A similar request was made by the finance minister when they met for the first time in July 2014 when Choi took the helm as the nation’s top economic policy maker. The meeting led to an immediate policy rate cut by the central bank the following month.

The two met for a second time in September 2014 in Sydney, Australia, when they were attending the G20 finance ministers and central bank governors’ conference.
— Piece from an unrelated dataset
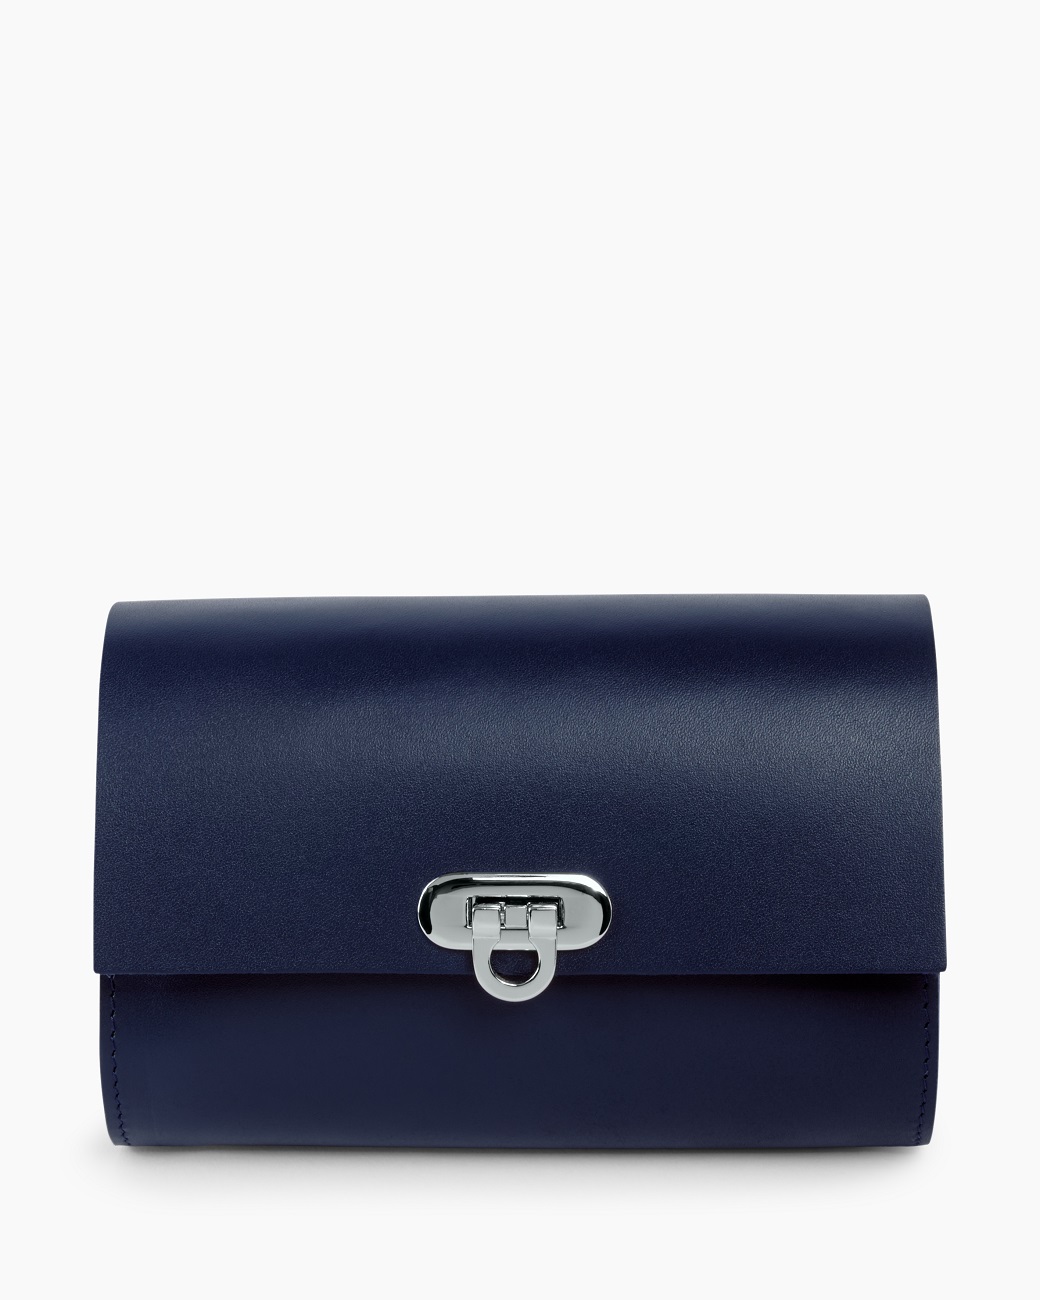 Женская кожаная поясная сумка синяя A008 sapphire mini

After the G20 meeting the Korean central bank shaved off another 0.25 percentage point on the policy rate; bringing it down to 2 percent.

Since then, the central bank has made two more additional rate cuts; one in March followed by another in June to lower the rate to an all-time record low of 1.5 percent.

The situation that the Korean economy is facing in the second half seems to be a repeat of a year earlier.

The economy ?? which appeared to have been making a recovery since the government and the central bank pursued aggressive economic expansionary measures including policy rate cuts ?? took a negative turn in June with the outbreak of Middle East respiratory syndrome.

The economy, which reported a quarterly growth of 0.8 percent in the first three months of this year, nosedived to 0.3 percent in the following April-June period.

In July the economy seemed to be normalizing, until the China crisis hit Korea and the rest of the world.

The jitters from China’s tumbling markets now raise the question of whether the Korean economy could achieve the 2.8 percent growth projected by the central bank let alone the 3 percent target set by the Ministry of Strategy and Finance.

In fact, Moody’s recently joined other financial institutions in lowering its growth outlook for Korea to 2.5 percent from its previous projection of 2 percent.

Some analysts say the problem is that the government is looking at the situation in the wrong direction.

“The biggest contributors to the slowing of Korea’s economy is struggling exports that started from the beginning of this year and expanding with each passing month,” said Jeong Yong-taek, an IBK analyst.

He said the problem was not due to sluggish consumer spending caused by Middle East respiratory syndrome and that recent government moves to temporary spur people to open their wallets by lowering the so-called “individual consumption tax” on expensive and nonnecessary products like automobiles, premium electronic goods and scented candles is not the ultimate solution.

“The fact that [the government] is looking at the economic flow in the wrong direction means that their countermeasure is not appropriate,” Jeong added.

“What the government should be focused on is not temporary measures like adjusting the individual consumption tax but rather [they should] start by finding solutions to boost struggling exports.

“We are at a point where we have to take actions on [export goods] price competitiveness such as lowering the key rate or depreciate our currency value.”

Although both the finance ministry and the central bank said in a press statement that the latest meeting was meaningful, they tried to downplay the significance behind it, stressing it is nothing more than a friendly gathering to improve relations between the two institutions.